When to use Random Forest and when to use the other models?
- First, you need to figure out whether your problem is linear or non linear.
- Then: If your problem is linear, you should go for Simple Linear Regression if you only have one feature, and Multiple Linear Regression if you have several features. If your problem is non linear, you should go for Polynomial Regression, SVR, Decision Tree or Random Forest.

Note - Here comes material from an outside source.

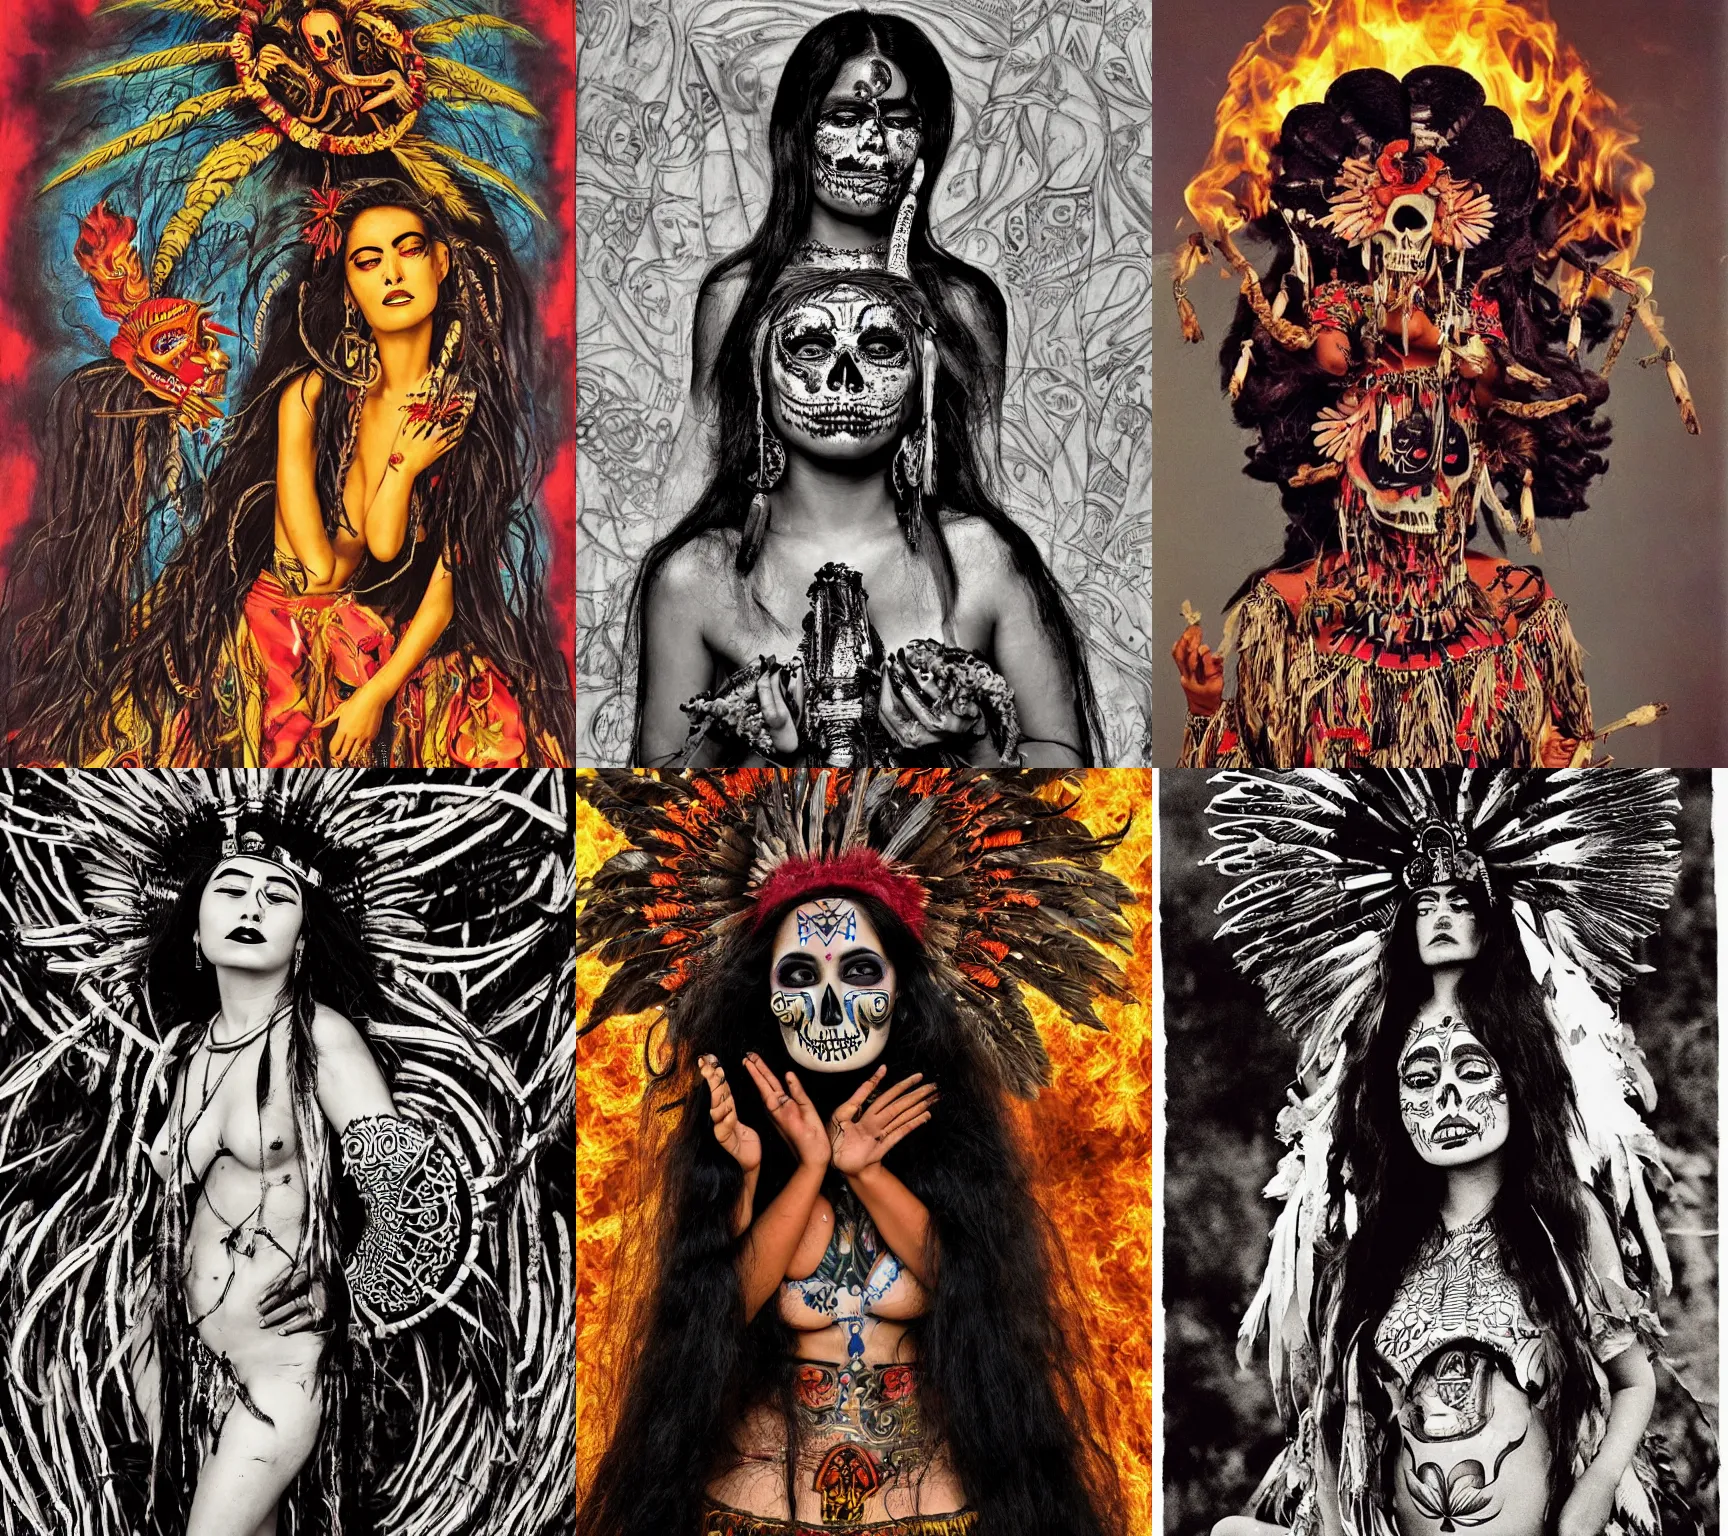 Prompt: A beautiful Mexican goddess. She represents death and fertility. She appears as the Fire Goddess, and a young beautiful Indigenous Mexican woman. In the style of Big Daddy Roth aesthetic, contemporary art aesthetic, Andre Breton photographic aesthetic, mad magazine aesthetic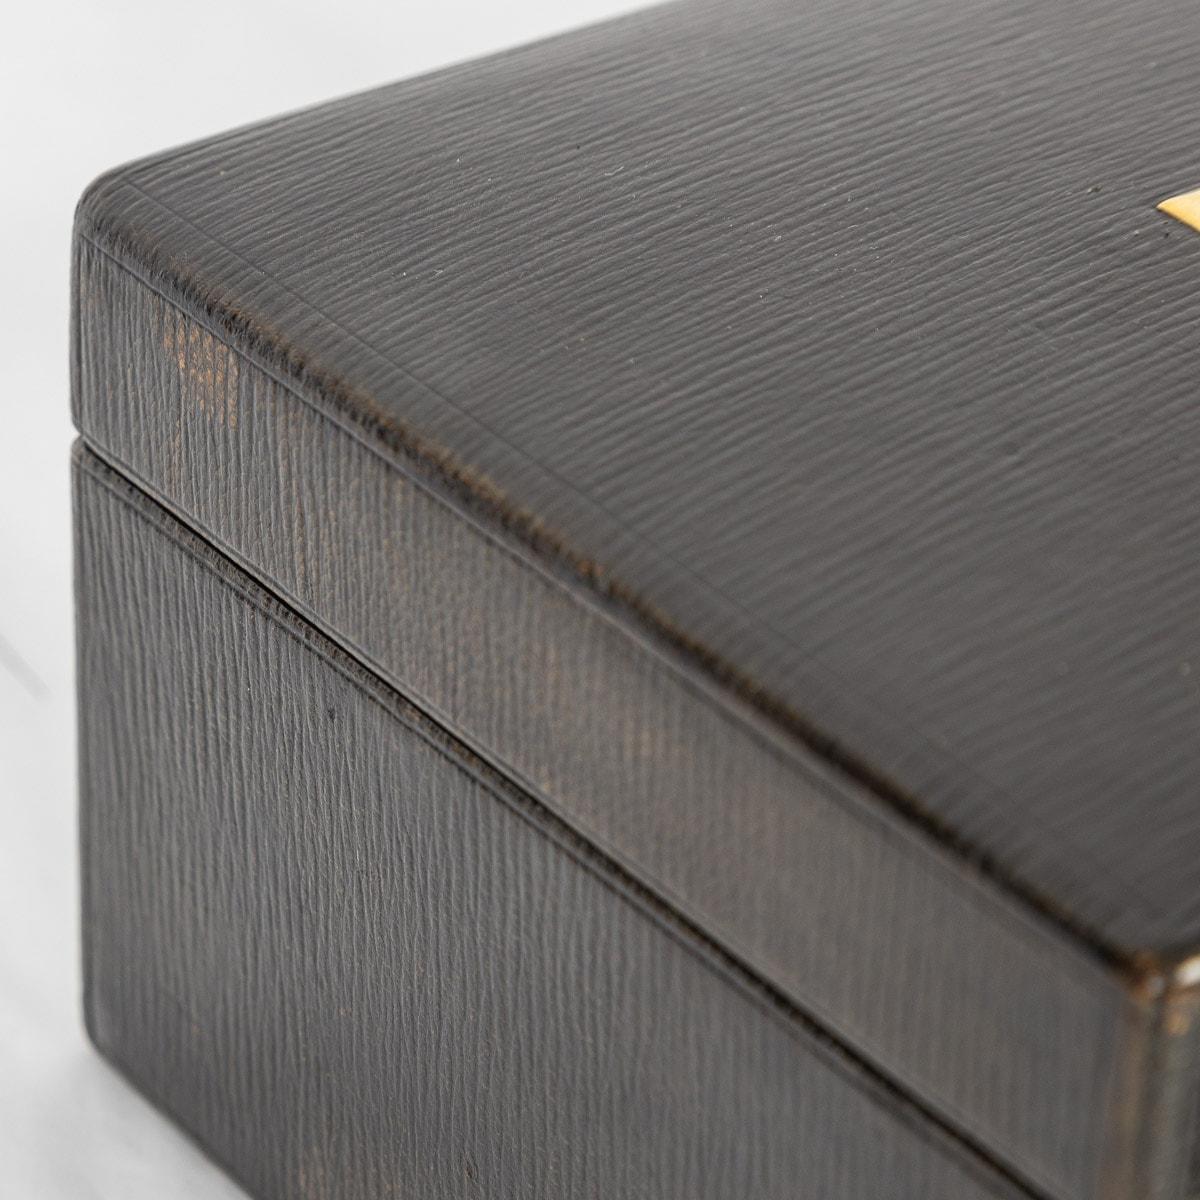 20th Century Leather Jewellery Box, c.1920 For Sale 12

Evaluating Regression Models Performance

What are Low/High Bias/Variance in Machine Learning?
- Low Bias is when your model predictions are very close to the real values.
- High Bias is when your model predictions are far from the real values.
- Low Variance: when you run your model several times, the different predictions of your observation points won’t vary much.
- High Variance: when you run your model several times, the different predictions of your observation points will vary a lot.
- What you want to get when you build a model is: Low Bias and Low Variance.

Logistic Regression

Is Logistic Regression a linear or non linear model?
- It is a linear model. You will visualize this at the end of the section when seeing that the classifier’s separator is a straight line
What are the Logistic Regression assumptions?
- First, binary logistic regression requires the dependent variable to be binary and ordinal logistic regression requires the dependent variable to be ordinal.
- Second, logistic regression requires the observations to be independent of each other. In other words, the observations should not come from repeated measurements or matched data.
- Third, logistic regression requires there to be little or no multicollinearity among the independent variables. This means that the independent variables should not be too highly correlated with each other.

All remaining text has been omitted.